**What you need to do:**
The material below holds pictures; leave them out, and copy exactly, and only, the lines from the one with "Schlafzimmer Rot - 17" through the last.

**Material provided:**
--

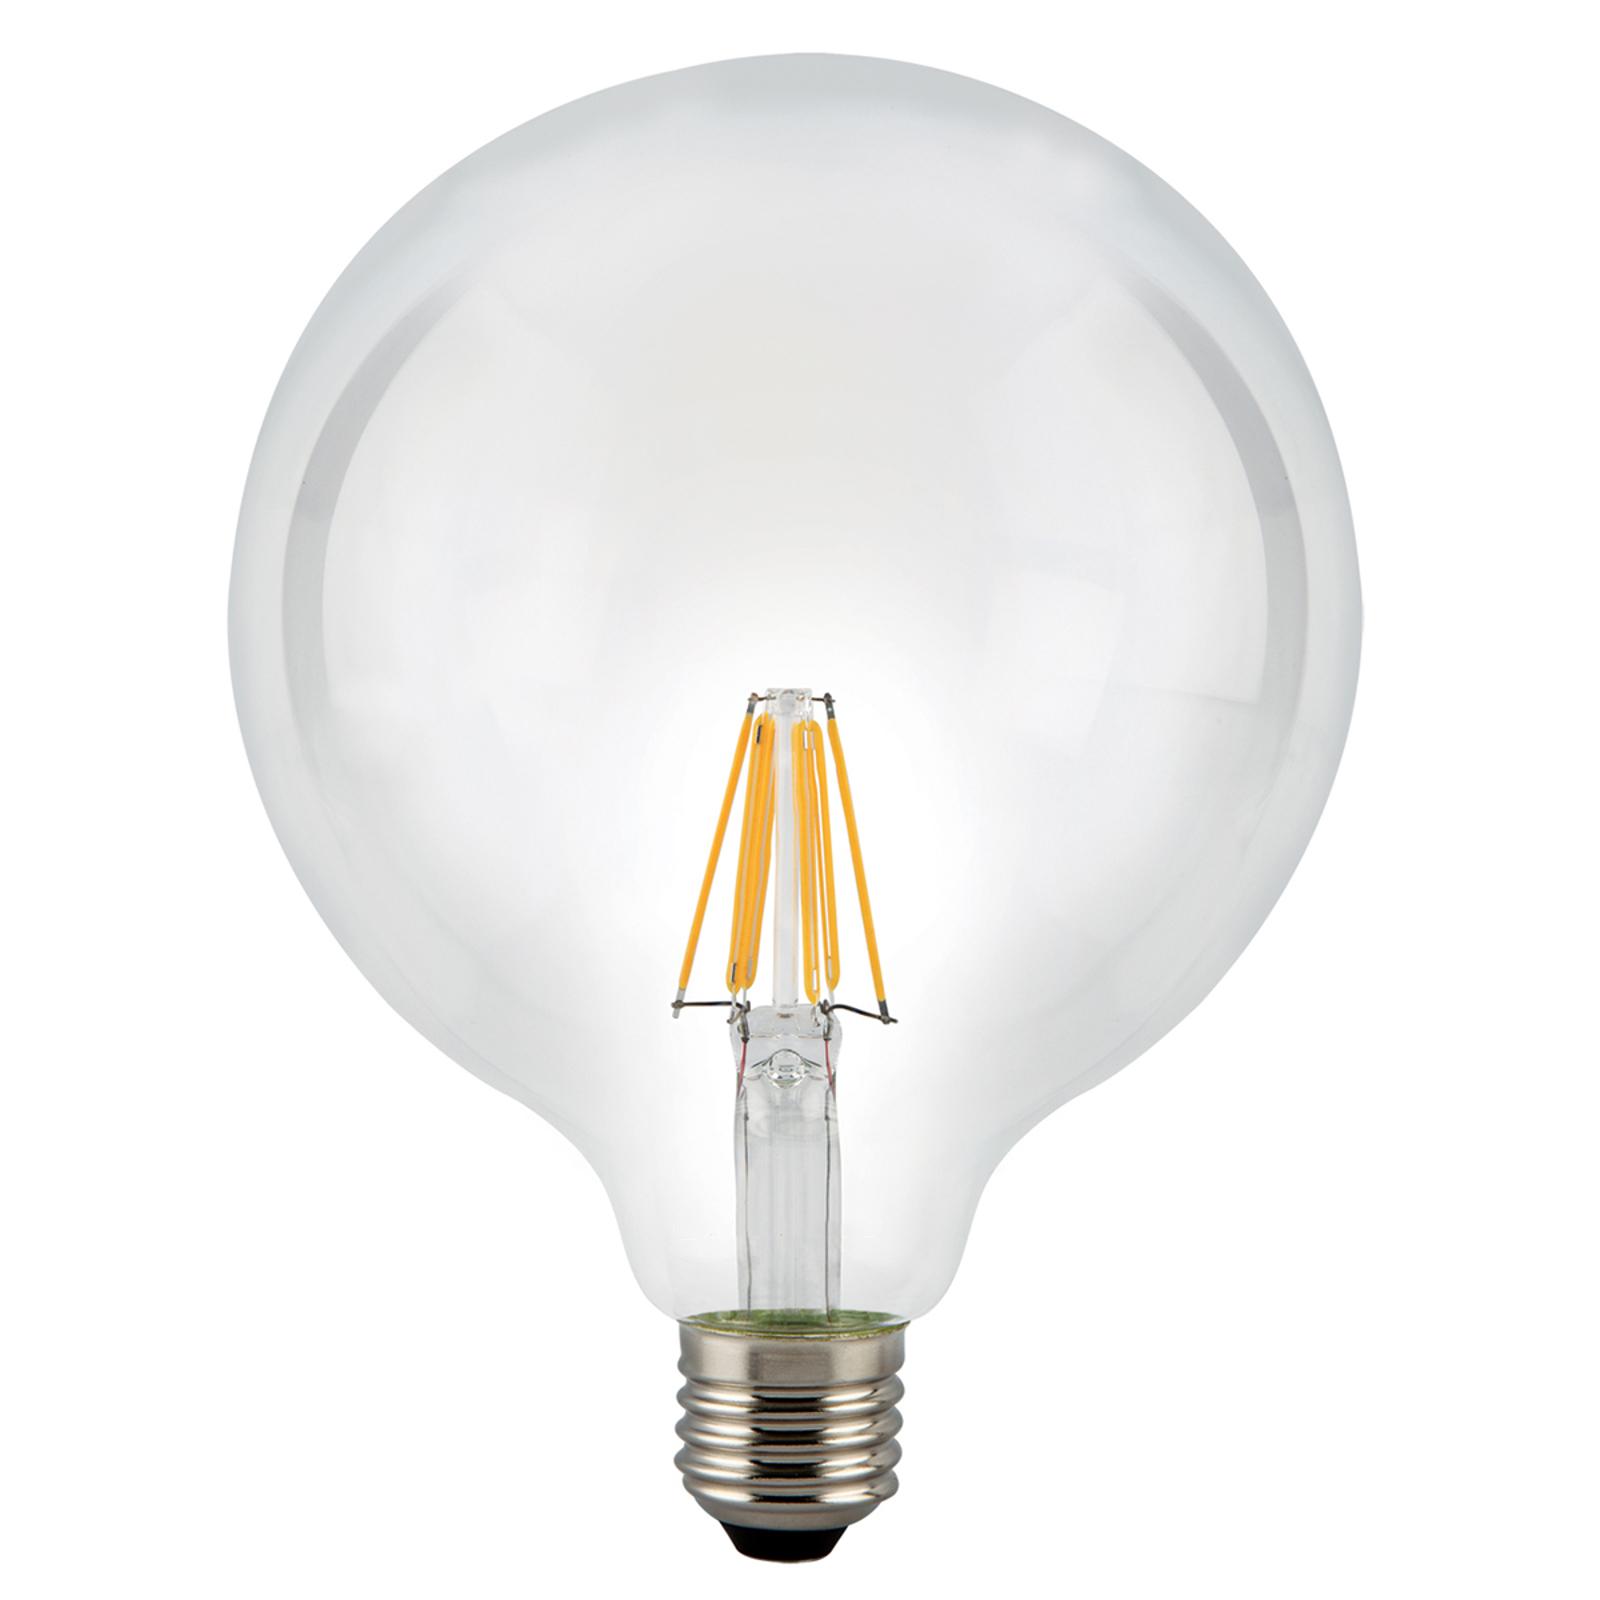 LED-Globelampe E27 8W 827 klar
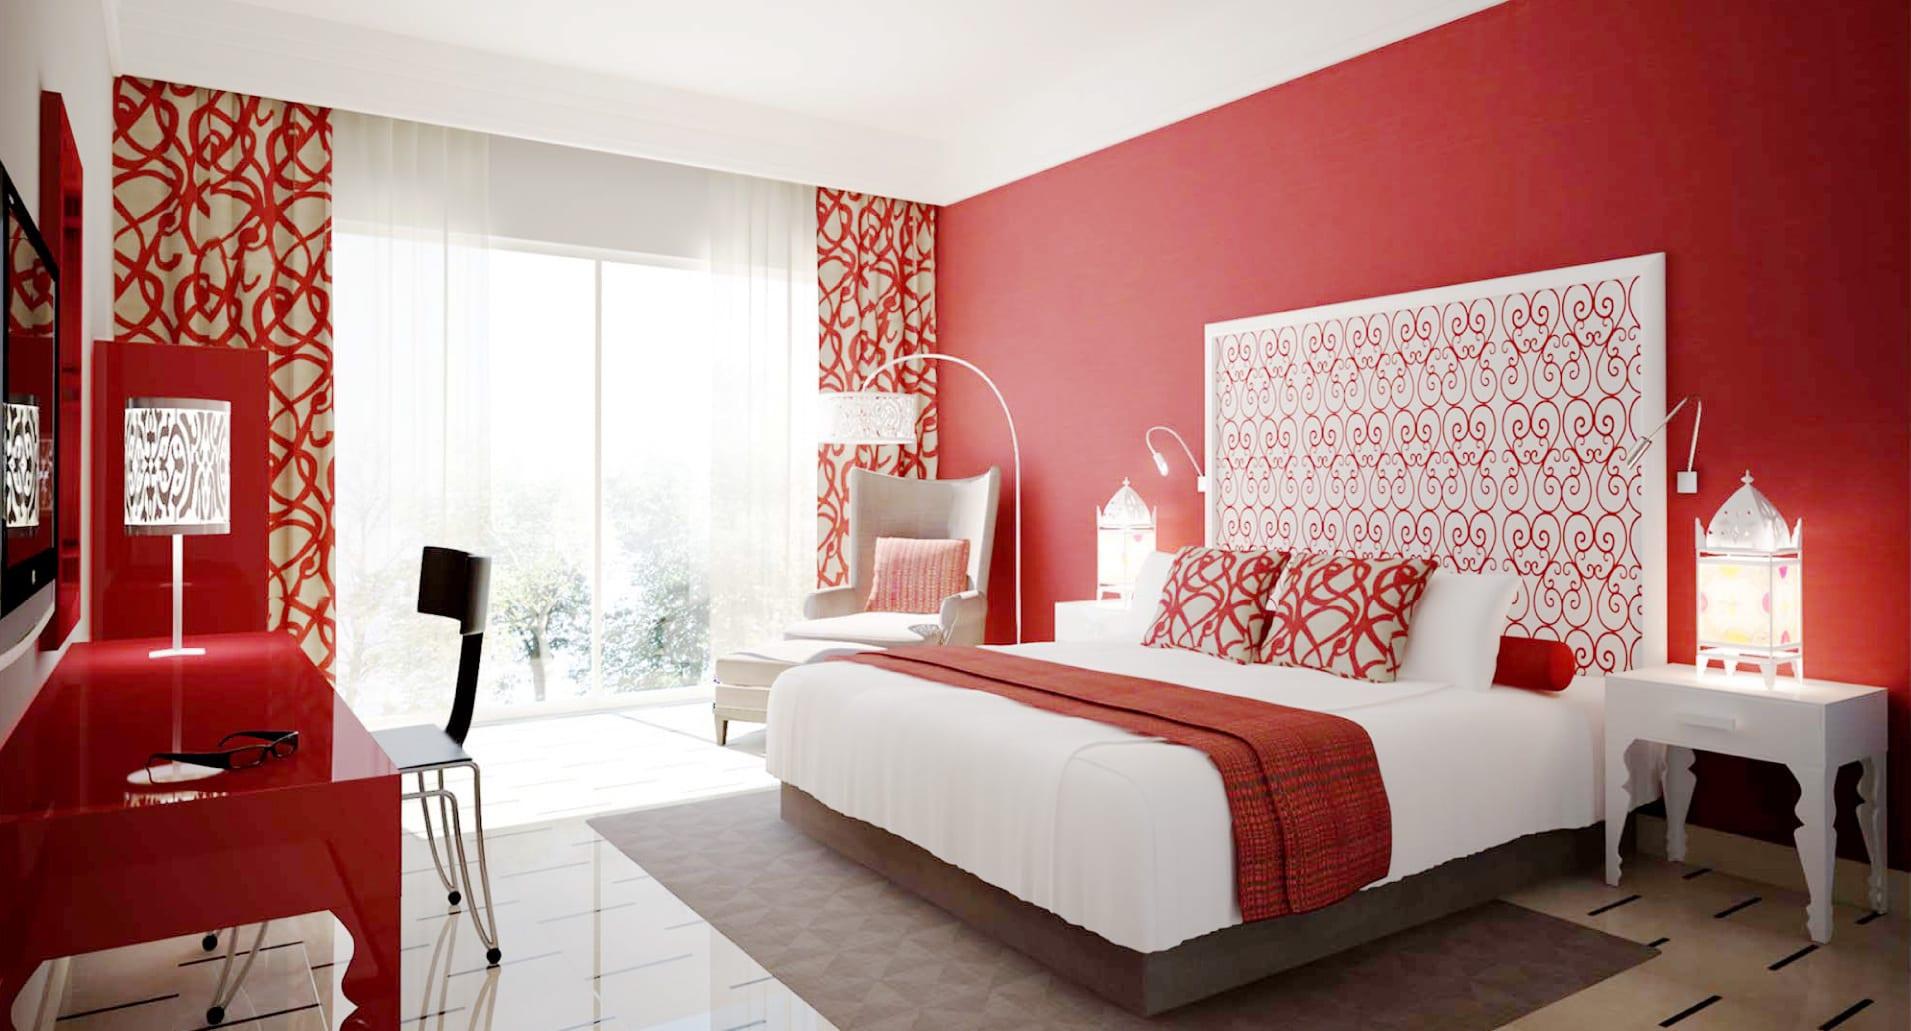 Schlafzimmer Rot - 17 Schlafzimmer Inspirationen in rot - fresHouse
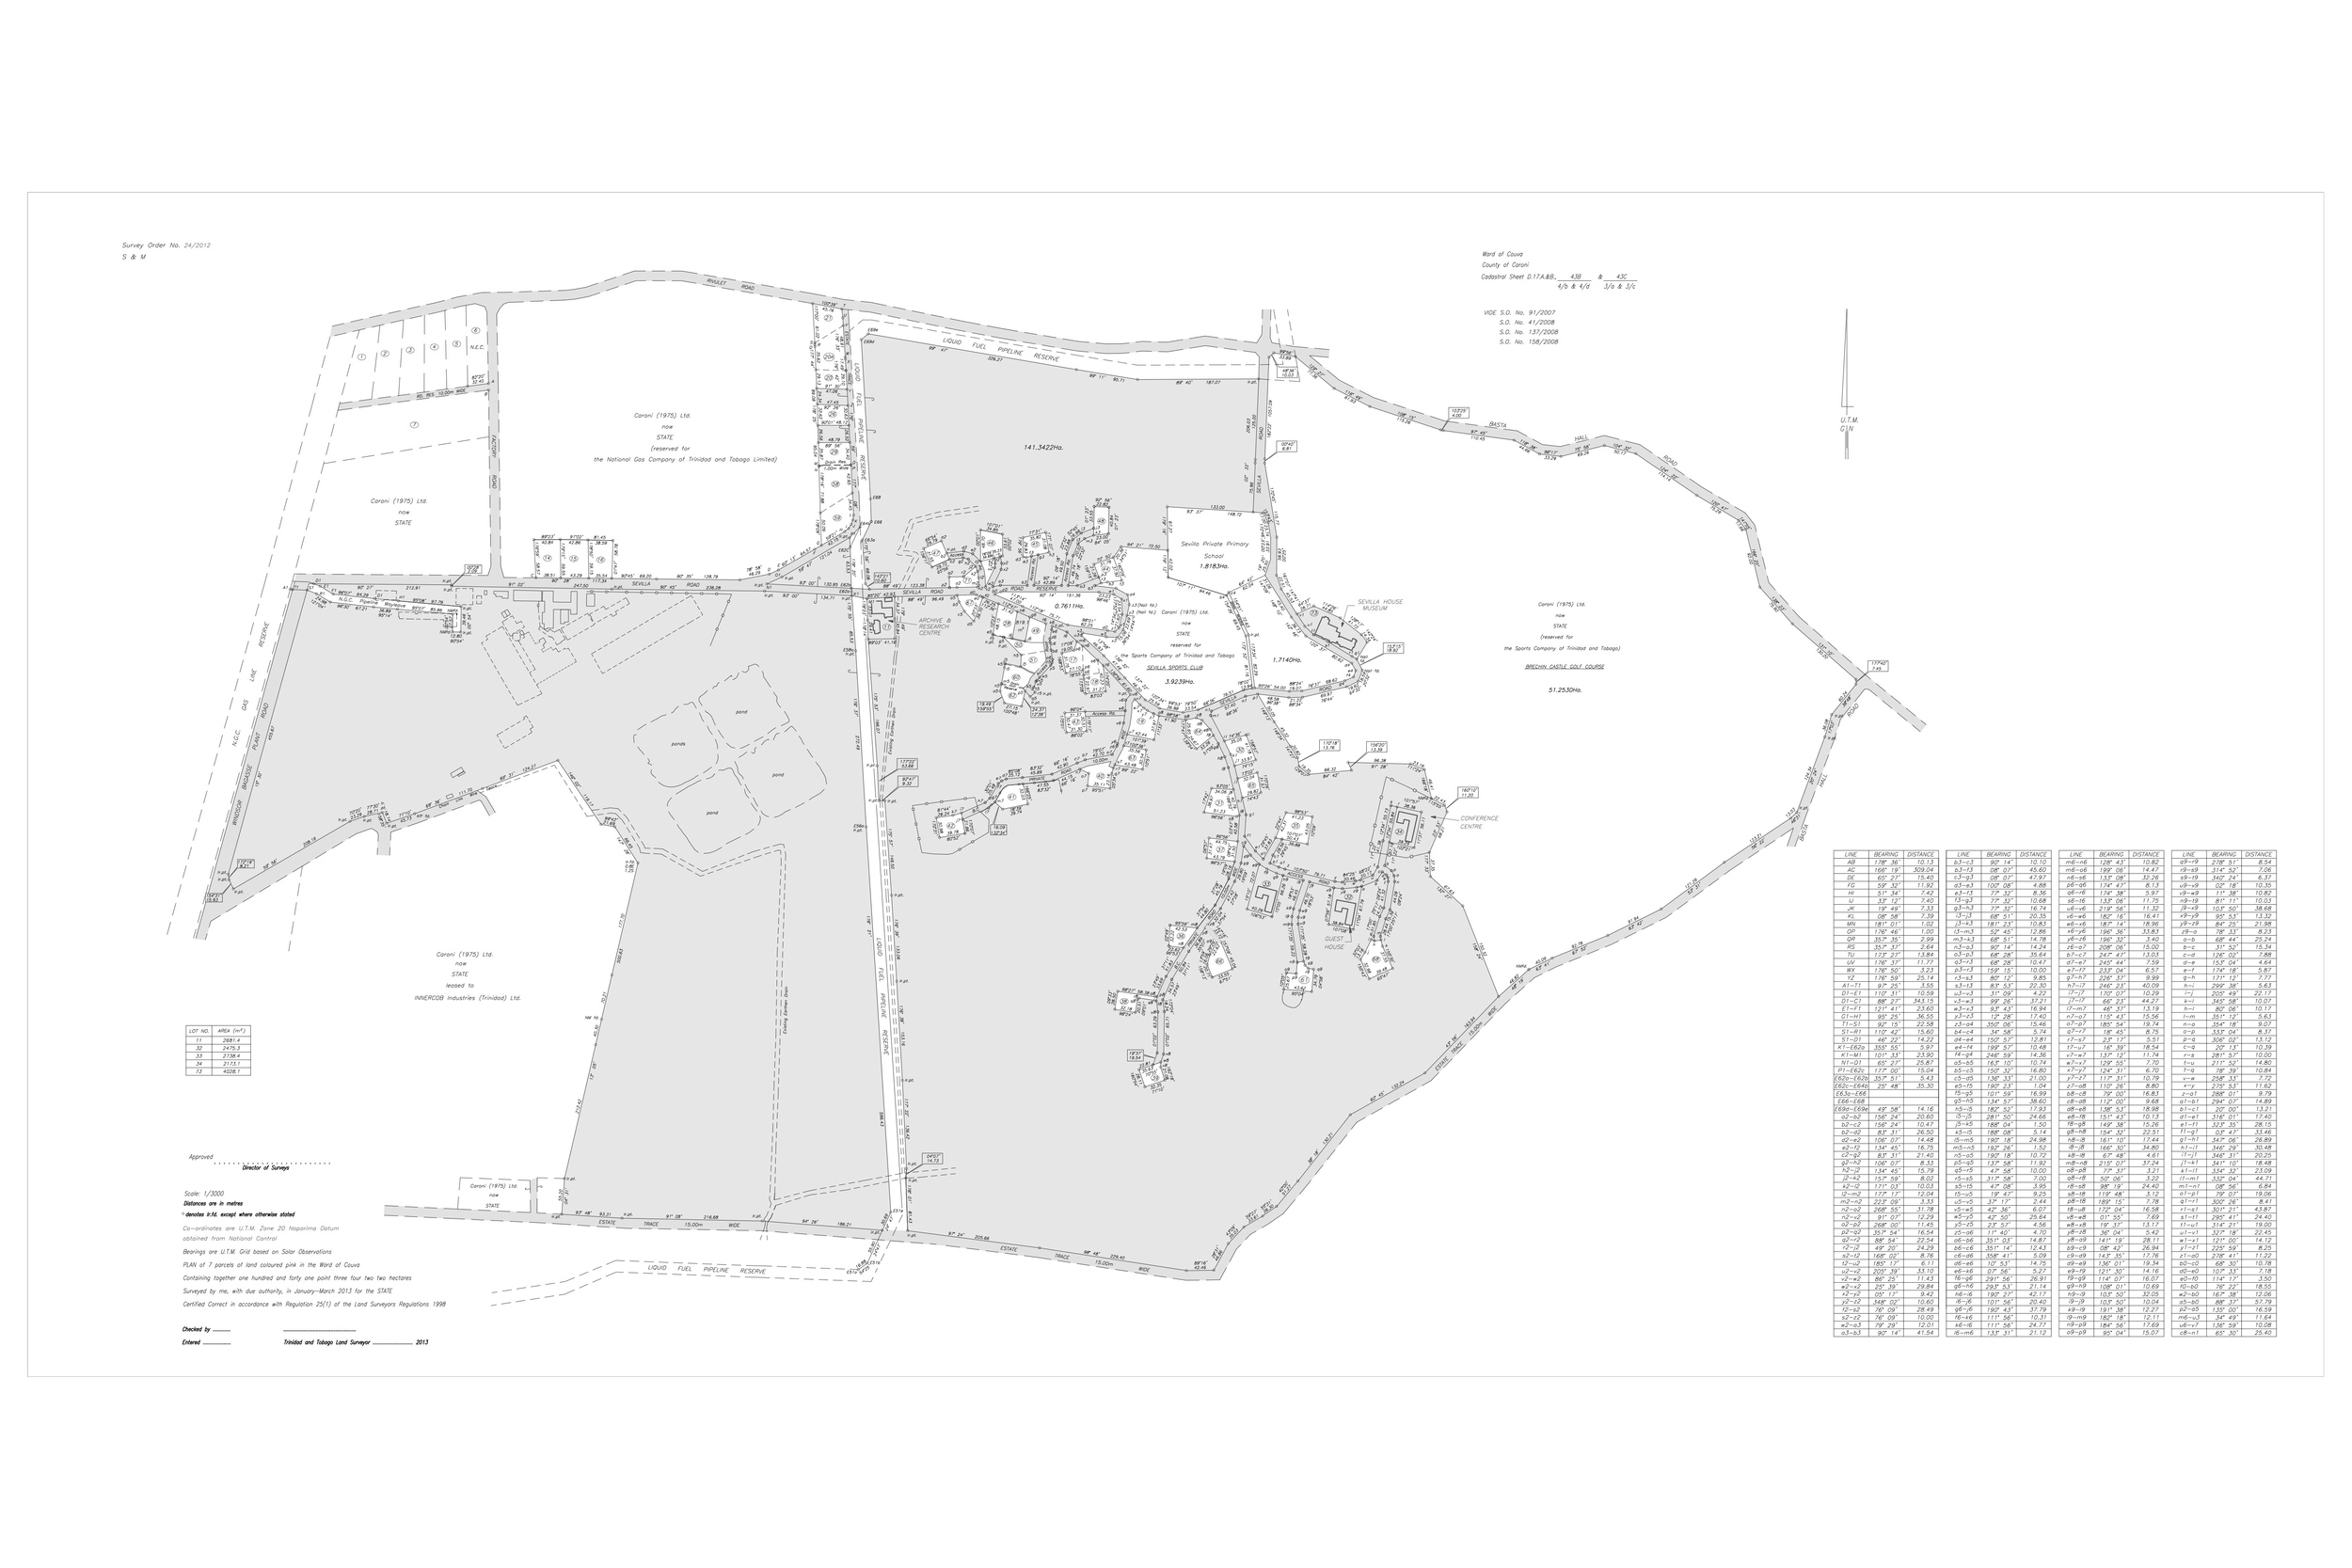 bc - site plan

--

**Task result:**
 Schlafzimmer Rot - 17 Schlafzimmer Inspirationen in rot - fresHouse
 bc - site plan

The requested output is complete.